Humphrey Osmund was an English psychiatrist doing research on therapeutic uses of LSD in the 1950s in Canada. He gained notoriety when he administered mescaline to Aldous Huxley resulting in Huxley writing “The Doors of Perception” in 1954 (from whence the rock band “The Doors” derived their name). In the late 1950s, Osmond developed what he called the psychedelic treatment model of alcoholism. He used higher doses of LSD to achieve a temporary psychotic state of mind which he theorized permanently erased craving for alcohol. He claimed a 50% cure rate. This was called the psychedelic treatment model and never gained acceptance. Interestingly, there was another LSD regimen based on using very low doses of LSD that was called the psycholytic model. It was noted that at lower doses the psychotherapeutic process could be enhanced without the overt hallucinatory mind altering effects which occurred at higher dosages.
LSD was discovered quite accidentally by Swiss chemist Albert Hofmann while working at Sandoz pharmaceuticals in the 1930s. He was attempting to synthesize a chemical that would stimulate circulation and respiration. He inadvertently absorbed a small amount through the skin of his fingertips and subsequently “sank into a not unpleasant intoxicated-like condition…I perceived an uninterrupted stream of fantastic pictures, extraordinary shapes with intense, kaleidoscopic play of colors.” The date was April 19, 1943. Three days later he intentionally ingested 250 micrograms and experienced an intense and initially harrowing psychedelic experience. By the following morning the effects of the drug had abated but he described a residual state of what future “psychonauts” would describe as expanded consciousness.
“Everything glistened and sparkled in a fresh light. The world was as if newly created. All my senses vibrated in a condition of highest sensitivity.”
Hoffman “tripped” again over the next several decades 10-15 times. In one of his last interviews before his death in 2008 he predicted that microdosing would become the most important area of research involving psychedelic drugs. He based this on his experimentation on animals and on himself. A fascinating anecdote involves Hofmann’s administering LSD to spiders! He observed web construction at varying dosages. “At low doses the webs were even better proportioned and more exactly built than normally. However, with higher doses, the webs were badly and rudimentarily made.”
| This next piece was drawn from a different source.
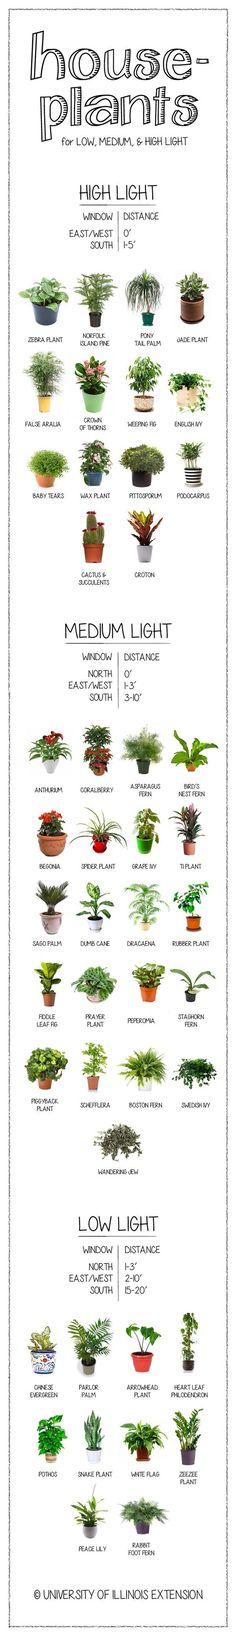 Interior Designs clipart garden cleaning Interiors details Home in Gardening

Fast forward to 2011when “The Psychedelic Explorer’s Guide” was published by James Fadiman, a psychologist and contemporary and friend of Timothy Leary and Ram Dass (Richard Alpert). This book provides microdosing protocols using small (10 microgram) doses that allow sub-perceptual effects allegedly resulting in improved focus and decrease in anxiety and depression.
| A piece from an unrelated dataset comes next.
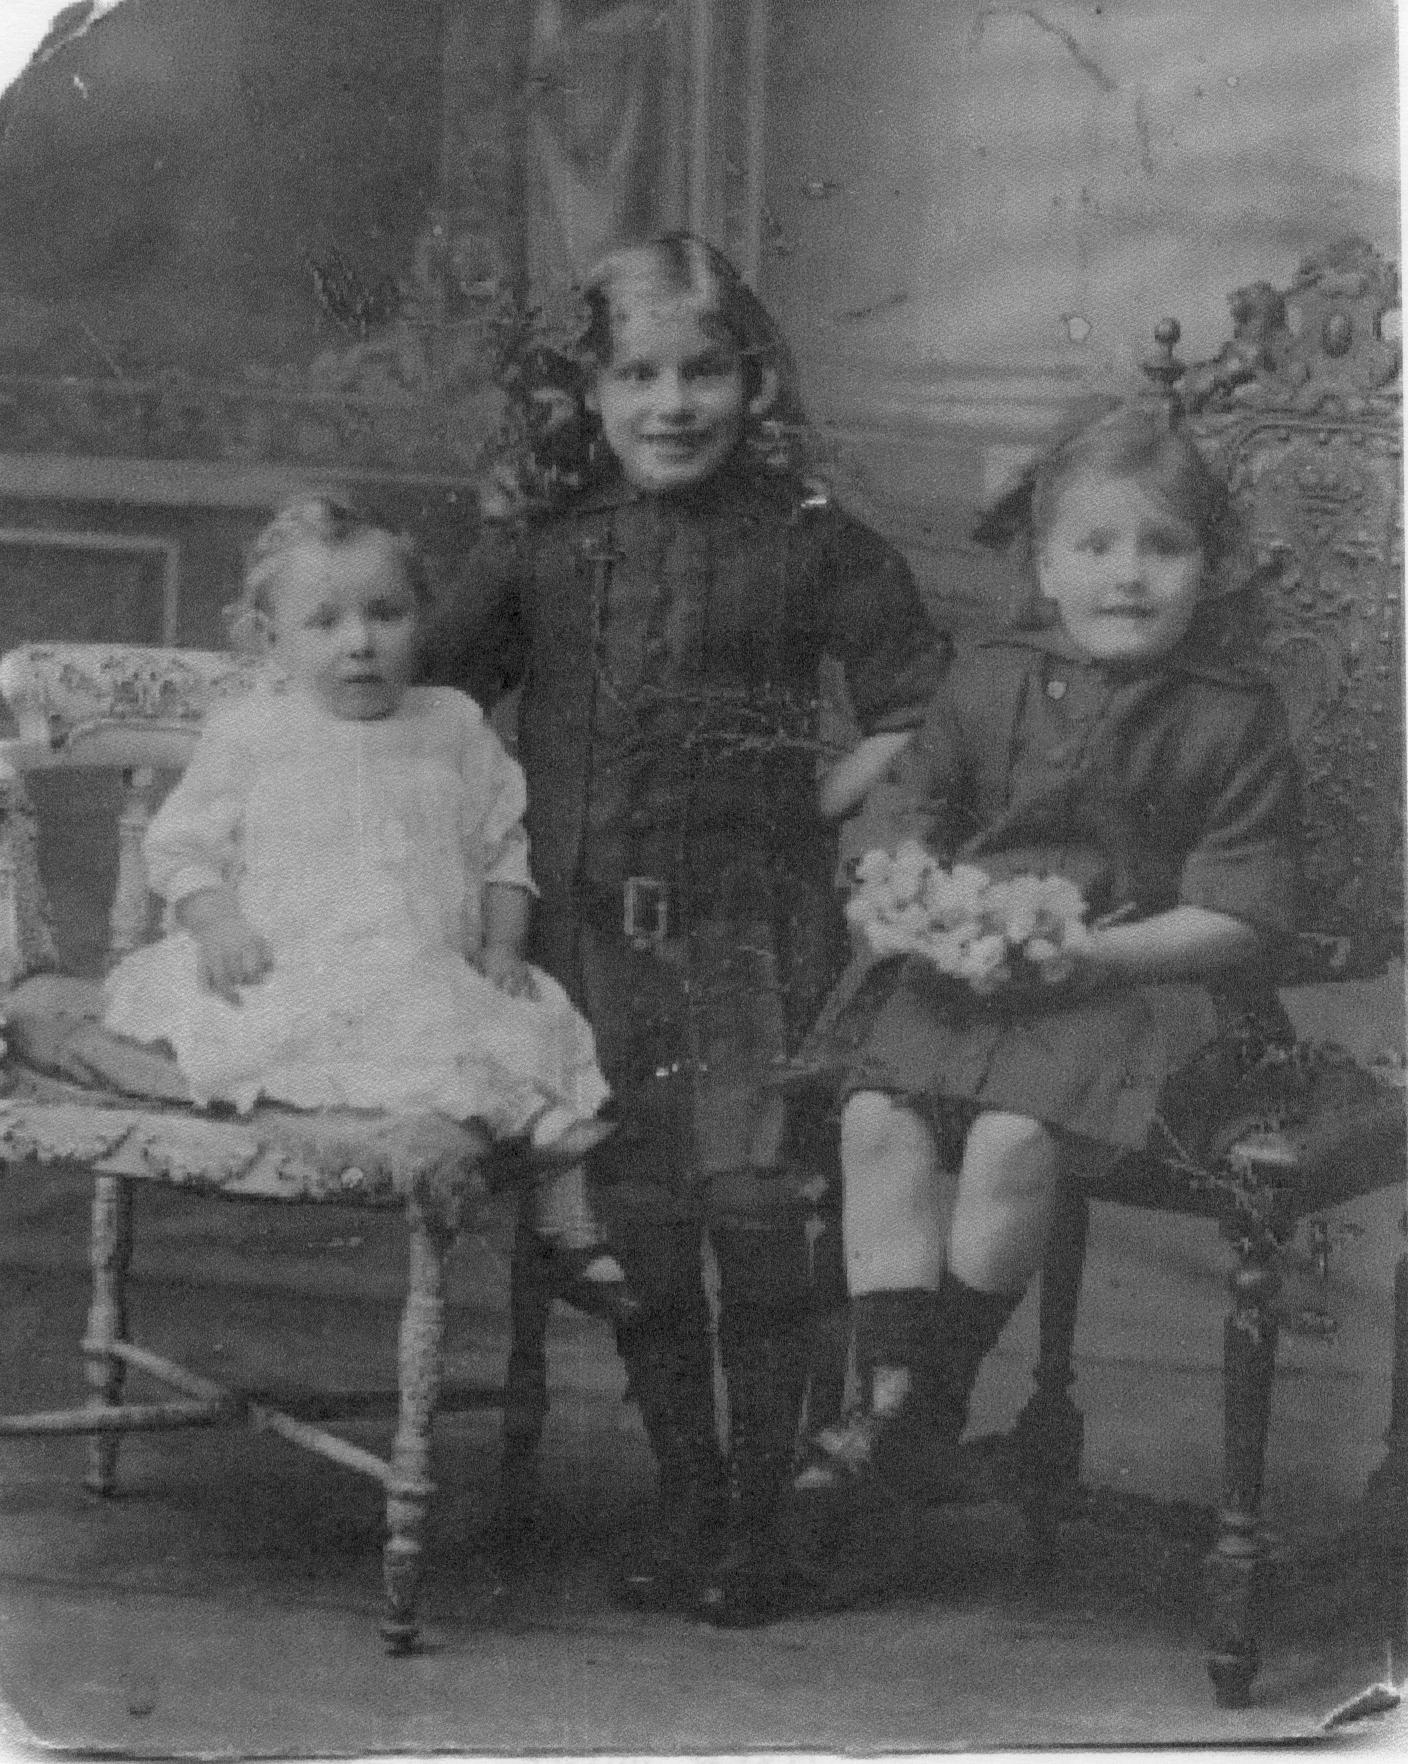 Studio Portrait Three Young Sisters c.1915

In the book “A Really Good Day: How Microdosing Made a Mega Difference in My Mood, My Marriage and My Life”, gifted New York Times best-selling author Ayelet Waldman recounts her own journey. The book is more than a journal of her microdosing experience. Chronicled within are the steps she took in researching and planning this therapeutic adventure. She provides a balance of the risks and positive aspects of LSD macrodosing. During her preparation and research, she became friends with James Fadiman and her book reflects the knowledge gained through this association.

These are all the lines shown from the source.